Perhaps the focus for the moment should be on determining whether it's going to be a viable enterprise, rather than the finer details of super, work cover, etc. That seems to be the intent of the O.P., figuring out what he'll be left with once all expenses and taxes are paid. If it's not viable going it alone, it obviously can't be more viable by using Partner People because additional amounts (super, work cover, fees, etc) are taken from your gross revenue.


----------



## PartnerPeople (Feb 20, 2016)

I would disagree. 
With the sample report above, although it doesn't show income tax, it does give a good indication of what you end up with compared to the 'gross fares' figure from Uber.
Super really is cost neutral as it is contributed to your chosen fund.
Workcover is only around 2-4% of gross wage (after all other calculations) and this serves to protect you financially in the even of an injury. So if you cover your car against damage, it would seem logical you'd want personal injury protection as well.
Our fee: well if you don't know the basics of GST accounting then you would probably go see an accountant right? And you would need to put aside enough to cover your tax bill. 
Our method is weekly based. If you don't earn, you don't pay. What gets paid to you is yours to keep. GST and Income tax is withheld, leaving one with only a net wage and a payslip.


----------



## UberDriverAU (Nov 4, 2015)

Ok, let's go through some options and things to consider. This is probably what any driver should do anyway I guess.

_Questions_
(1) Does Partner People have to pay Payroll Tax? Current rates are around 5% and thresholds vary between states. If so, obviously this would need to come out of driver revenue. This obviously isn't a cost that an independent contractor has to pay.
(2) What is a reasonable figure for accounting fees? I do all of this myself, so don't have to worry about them.

_Assumptions_
(1) Fares: $550/week, $28,600/year.
(2) Uber Fees: $110/week, $5,720/year, 20% of fares.
(3) GST: $50/week, $2,600/year, 9.09% of fares.
(4) Partner People's fee: $12 per week, or $624 per year, 2.2% of fares.

_Worker's Compensation & Alternatives_
(1) Using PP, Workers Comp (if rates are 2%-4%): $7.41-$14.54/week, $385-$756/year, 1.3%-2.7% of fares.

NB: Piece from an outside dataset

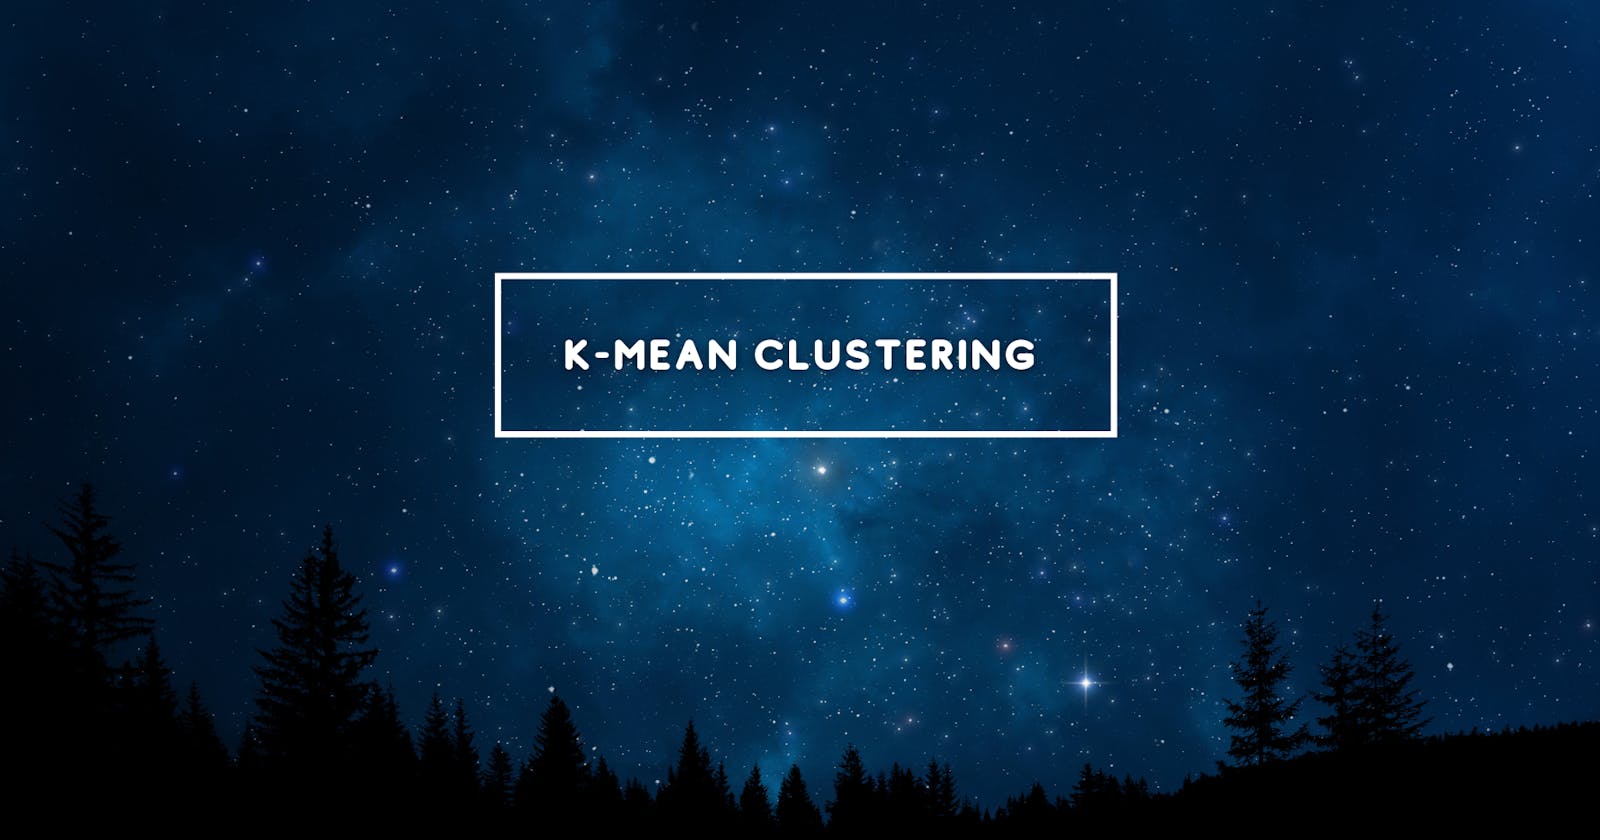 K-mean clustering and its use case in the security domain

Covered only whilst working.
(2) Accidental Injury Insurance: $3.84-$7.67/week, $200-$400/year, 0.7%-1.4% of fares. Covered 24 x 7, even if overseas.
(3) Income Protection Insurance: You can have this covered through your super fund, so there are no cash flow impacts. Covered if you can't work, regardless of when injured, etc.

_Superannuation_
(1) Using PP, Superannuation: ~$32/week, ~$1,664/year, ~6.4% of fares.
(2) Even if you are an independent contractor, you can still choose to make contributions into your super fund.
(3) Whilst super is indeed still your money and cost neutral, it still reduces the cash flowing into your bank account. This may not be desirable to a driver if Uber is being used for supplemental income, because there are already super contributions being made from their main job.

_Things to Consider_
(1) Depreciation. This is the biggest hidden cost of driving for Uber. If you drive an expensive car, then you're pretty much guaranteed to make a loss.
(2) Repairs.
(3) Increased servicing and maintenance costs.
(4) Additional costs for "ride share" car insurance.
(5) Additional costs for "ride share" CTP insurance.
(6) Licencing fees for providing a "carrying passengers for reward" service.
(7) Costs for water and mints (if you're silly enough to offer these).
(8) Roadside assistance.

Whilst I do think PartnerPeople does offer a useful service to a lot of drivers, you can't change the underlying economics in a significant way. If someone isn't driving an appropriate car, PartnerPeople simply can't turn a loss maker into a profit maker.


----------



## MyRedUber (Dec 28, 2015)

UberDriverAU said:


> Why would that be a yes? Uber drivers, if they are correctly classified as independent contractors, are not obliged to pay either.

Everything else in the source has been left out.